Wind Energy’s Rustic Years Are Over

It used to be alternative. Now it’s corporate, middle-American, and truly ascendant.

Electrical power Generating Wind Turbines and the San Jacinto Mountains.
Electrical power-generating wind turbines and California’s San Jacinto Mountains.

BarnettImaging/Thinkstock

NEW ORLEANS—In the middle of the sprawling Ernest N. Morial Convention Center this week, an executive from German industrial giant Siemens gave a quick history of the offshore wind turbine. The first turbine that Siemens planted in the North Sea off of Denmark 25 years ago had a generating capacity of 450 kilowatts and barely stood above the waves. Today, he explained, as waves of people drifted past, Siemens builds massive turbines with blades that are roughly equivalent to the wingspan of a jetliner—and that can generate nearly 16 times as much power.

It was a pretty good metaphor for the growth of the wind industry. You can judge a lot about an industry by the vibe at its trade show—in this case, the American Wind Energy Association’s annual WindPower expo. While the growth of wind-powered electricity has been driven in part by subsidies, environmental concerns, and a desire to move away from fossil fuels, wind now stands high above the waves as a brawny, established, thoroughly industrial business.

Wind accounts for only a small portion of overall U.S. electricity production—about 5 percent—but it’s rapidly taking more market share. Last year, the industry brought 8.6 gigawatts of new capacity on line, up 77 percent from 2015. Another 10 gigawatts of wind farms are under construction. It’s the fastest growing component of the American power sector, and the industry believes it can double in size by 2020.

Beyond gaining critical mass, the renewables industry—and especially wind—has shed its rustic, alternative, off-the-grid origins to become a mainstream corporate affair. The mantra I heard, over and over again, was that the conversation surrounding wind energy no longer had to involve the controversies of climate change and emissions limits. People are embracing wind energy simply because it is a good business decision. I moderated a panel about corporate direct purchases of wind energy, which have exploded in the past couple years. One of the participants was Mark Vanderhelm, director of energy at Walmart, which last year agreed to buy much of the output of a big wind farm in Texas. Vanderhelm noted that the ultimate decisions on purchasing are subject to the same rigors as every other procurement item at the company, which is known for its obsessive focus on price to the exclusion of pretty much every other factor. (The pricing of long-term electricity contracts is complex, but wind can now hold its own against energy produced by coal and natural gas.)

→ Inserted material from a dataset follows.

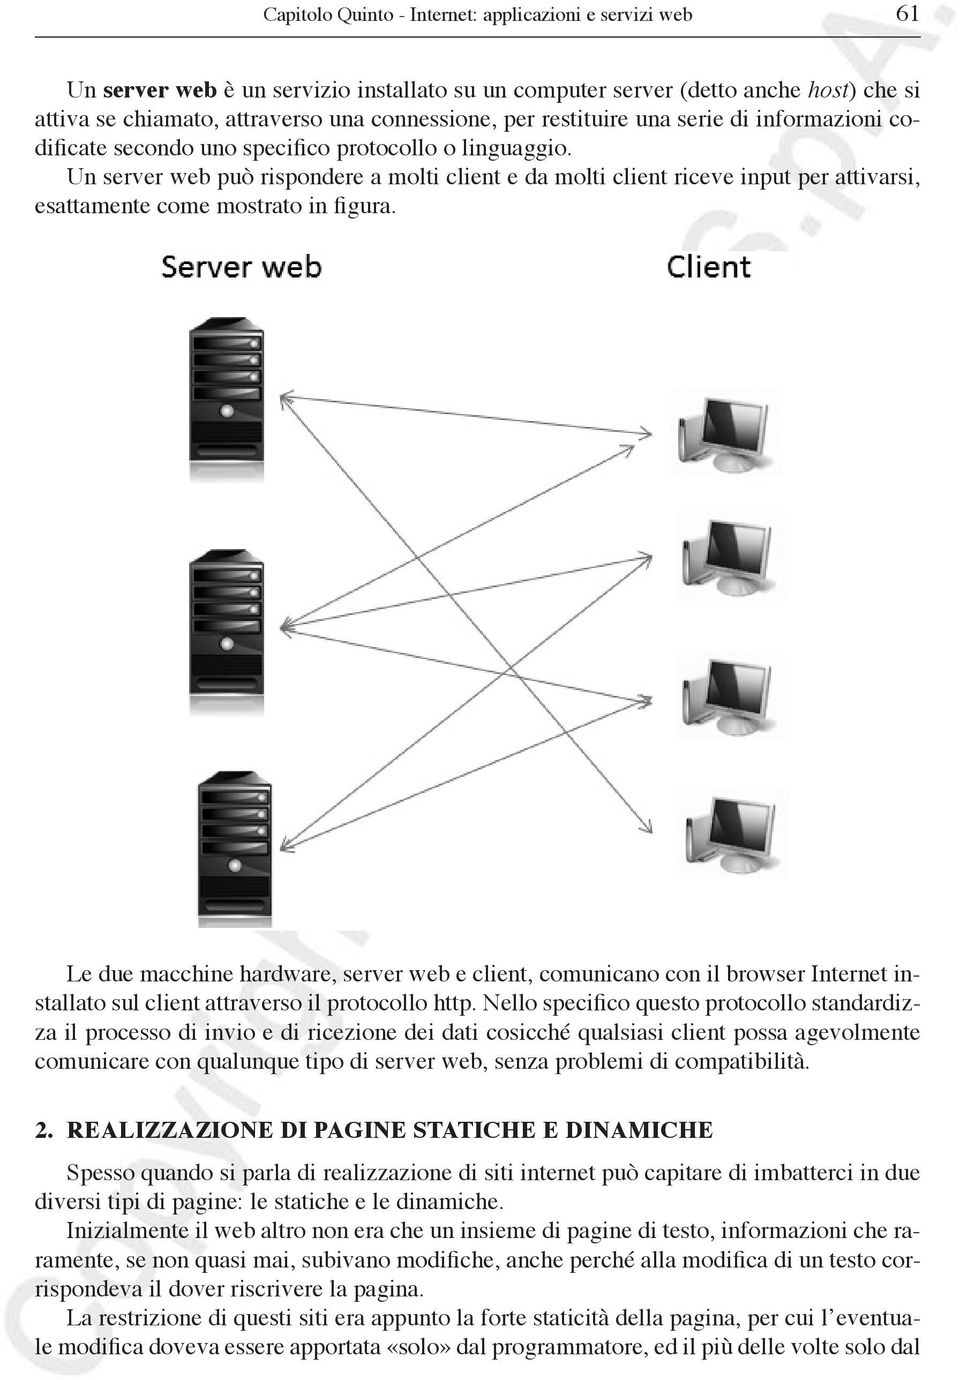 Un server web può rispondere a molti client e da molti client riceve input per attivarsi, esattamente come mostrato in figura.

While the most aggressive mandates surrounding renewables and emissions come from the coasts, wind is a squarely middle-American industry. There were few people with jeans or ponytails walking around. Instead, it was thick with engineers. The big turbine- and blade-makers occupied the central spaces on the exhibition floor—Siemens, Vestas, and General Electric. But they were surrounded by scores of the ancillary businesses that make the industry work, the people who supply the equipment, materials, and labor. Scale models of gearboxes and power tools abounded—Hardide Erosion Resistant Coatings, Forbes Brothers power line construction, general contractor Reed & Reed, which erects turbines. The ball-bearing maker Timken was here, and so too were International Tower Lighting and Elk River, the specialist in personal-fall protection gear (constructing and maintaining turbines requires workers to scale several-hundred-foot-high turbine hubs). Most of these were staffed by men and women in khakis and polo shirts with corporate logos. There were also guys in expensive suits, but no ties: financiers, bankers from Wells Fargo, and private equity players who specialize in matching investment capital to projects.

mobil photo.
ExxonMobil’s booth at the convention.

Daniel Gross

In the world at large, renewables seem to be painted as a zero-sum game. If you regulate emissions, or invest in carbon-free electricity, that’s bad news for other industries, especially those that rely on fossil fuel. On Wednesday, as people attended a session on how to advocate more effectively for wind energy (message: couch it as a local matter of business development, not as a solution to global warming), shareholders at ExxonMobil voted down a series of measures aimed at forcing the company to reckon with climate change and become a bigger player in the transition to a lower-emission future.

But the truth is a bit more complicated, because ExxonMobil and other fossil fuel companies are already making their peace with wind energy. After all, this is a big industry, and ExxonMobil makes products that help the industry work. Turbines, gears, engines—all this equipment needs lubricants to run smoothly and effectively. And the companies attending the wind conference are big purchasers.

The notes I took for this article were written on a pad that bore ExxonMobil’s winged-horse symbol. I had picked it up at the company’s prominently located booth, where staffers stood ready to explain how fossil fuels could be used to make wind power more effective: “Mobil: Greases Engineered for Productivity.”